─── Provided data ───

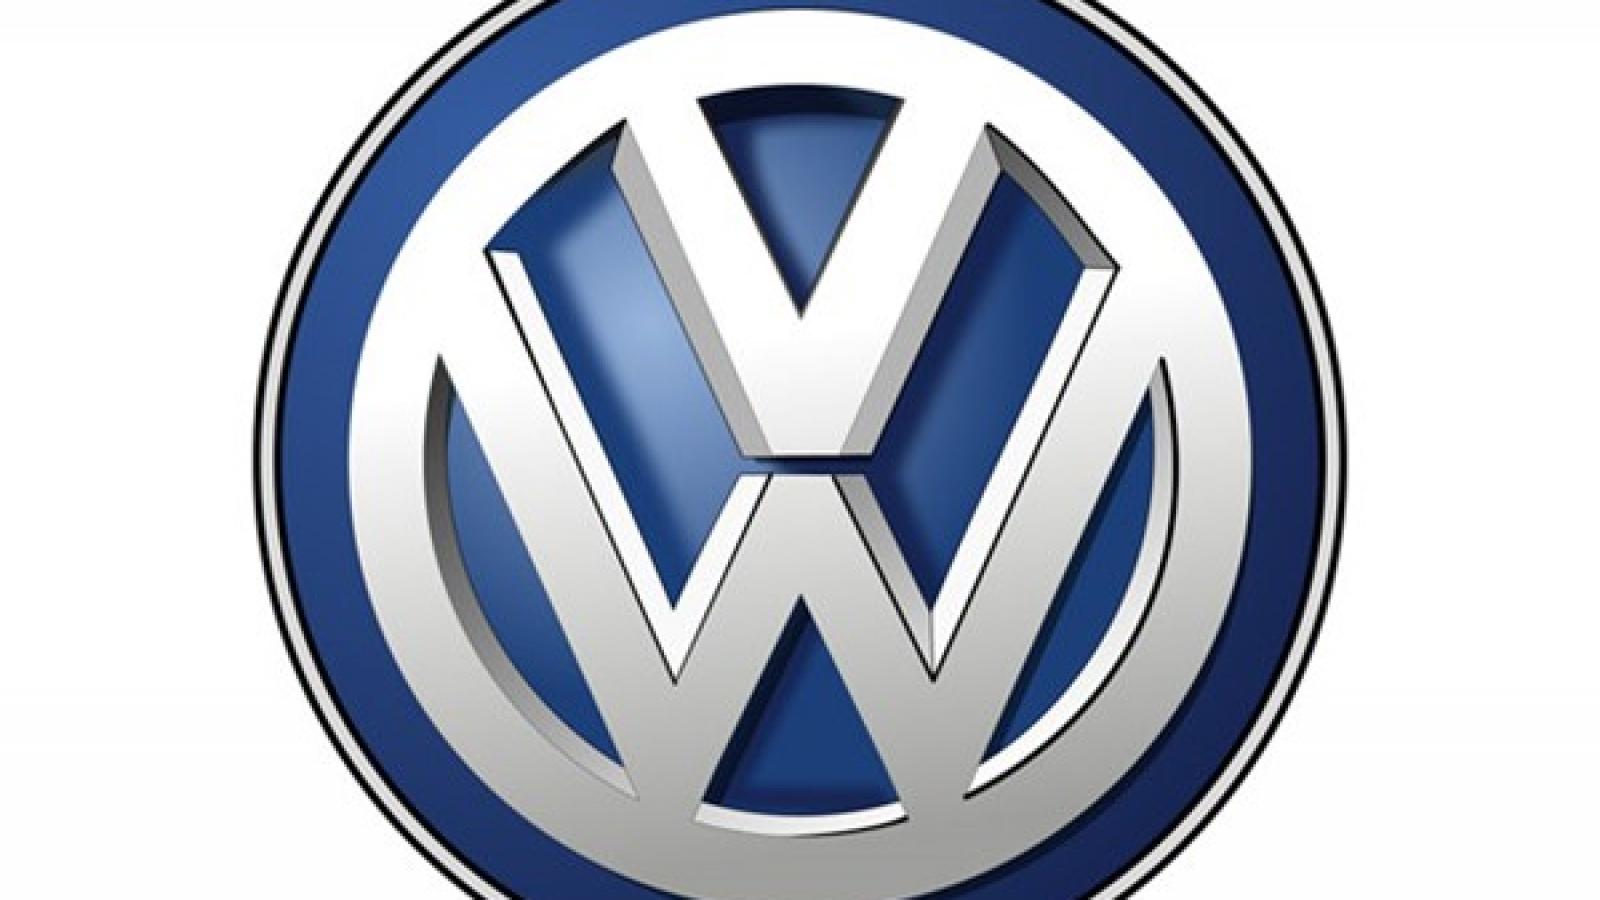 فولکس واگن پرفروش ترین خودروساز جهان شد - اجاره خودرو طباطبایی
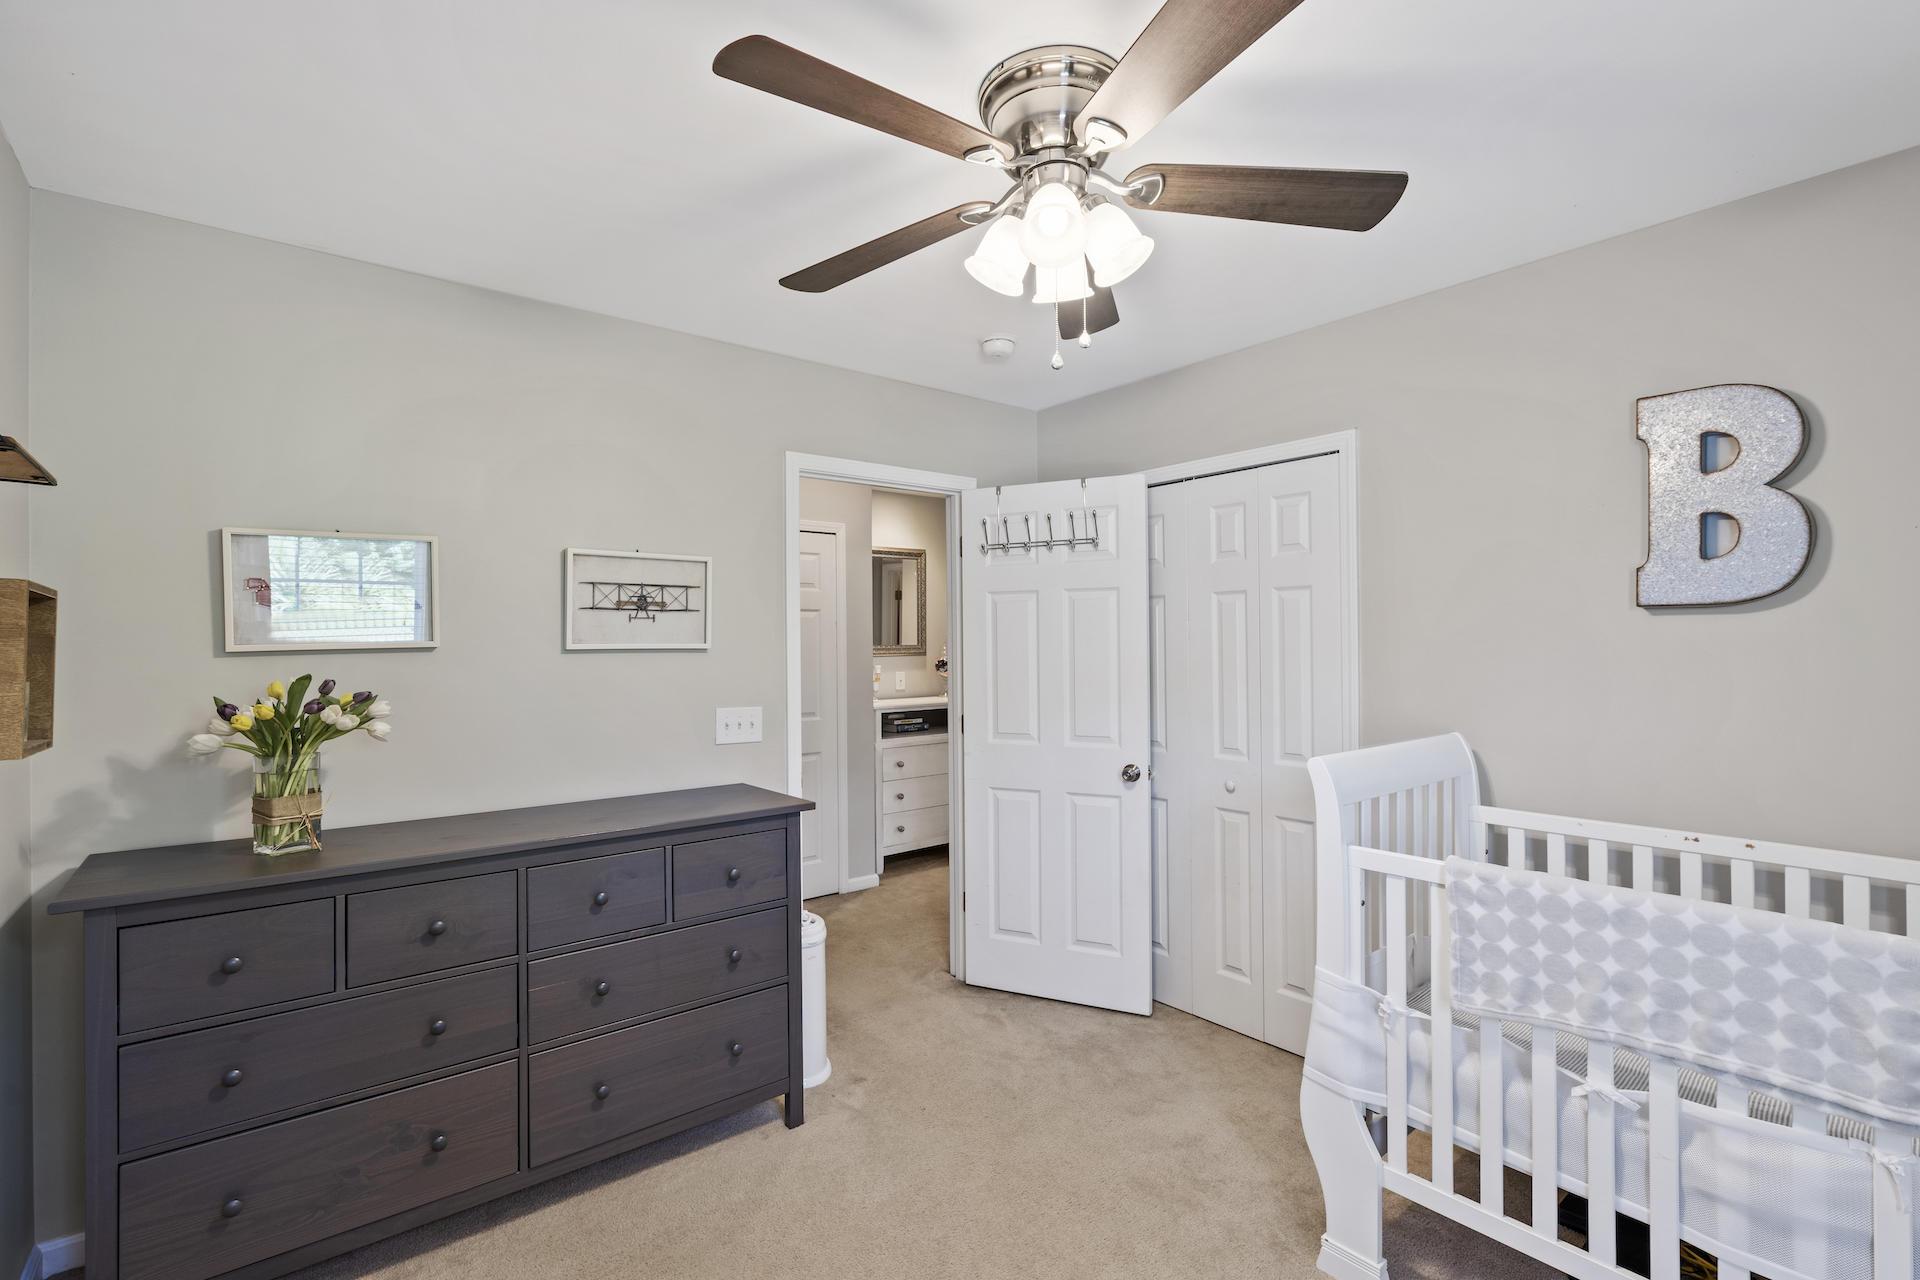 Park West Homes For Sale - 3061 Park West, Mount Pleasant, SC - 1
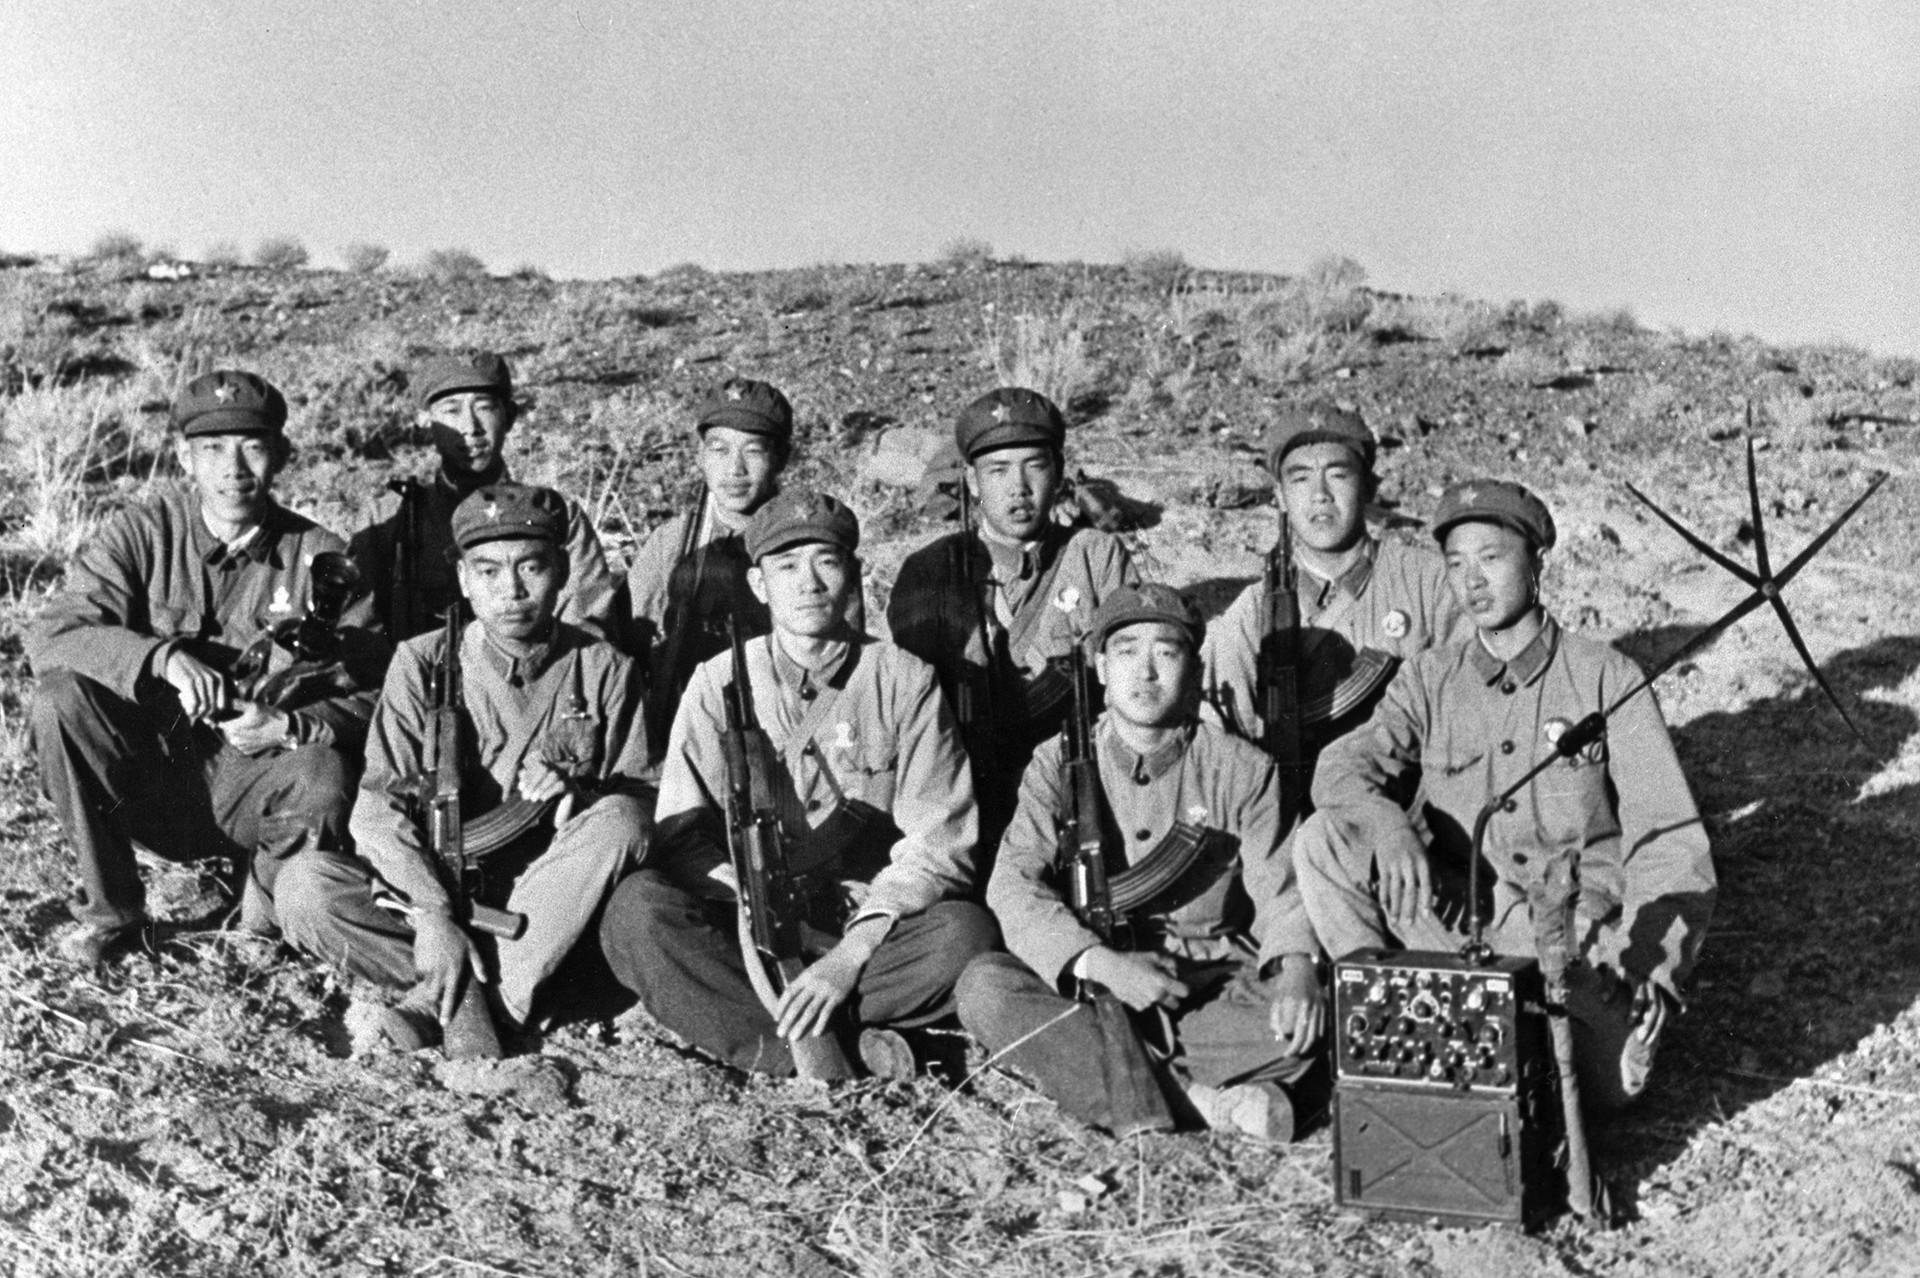 Кинески војници вооружени со пушки Калашников фотографирани за време на борбата со советските погранични единици за време на кинеско-советскиот пограничен судир.

───

Nothing but the lines from the beginning of the material through the line with "Park West Homes" should appear, printed exactly, with no pictures among them.

**Response to this task:**
 فولکس واگن پرفروش ترین خودروساز جهان شد - اجاره خودرو طباطبایی
 Park West Homes For Sale - 3061 Park West, Mount Pleasant, SC - 1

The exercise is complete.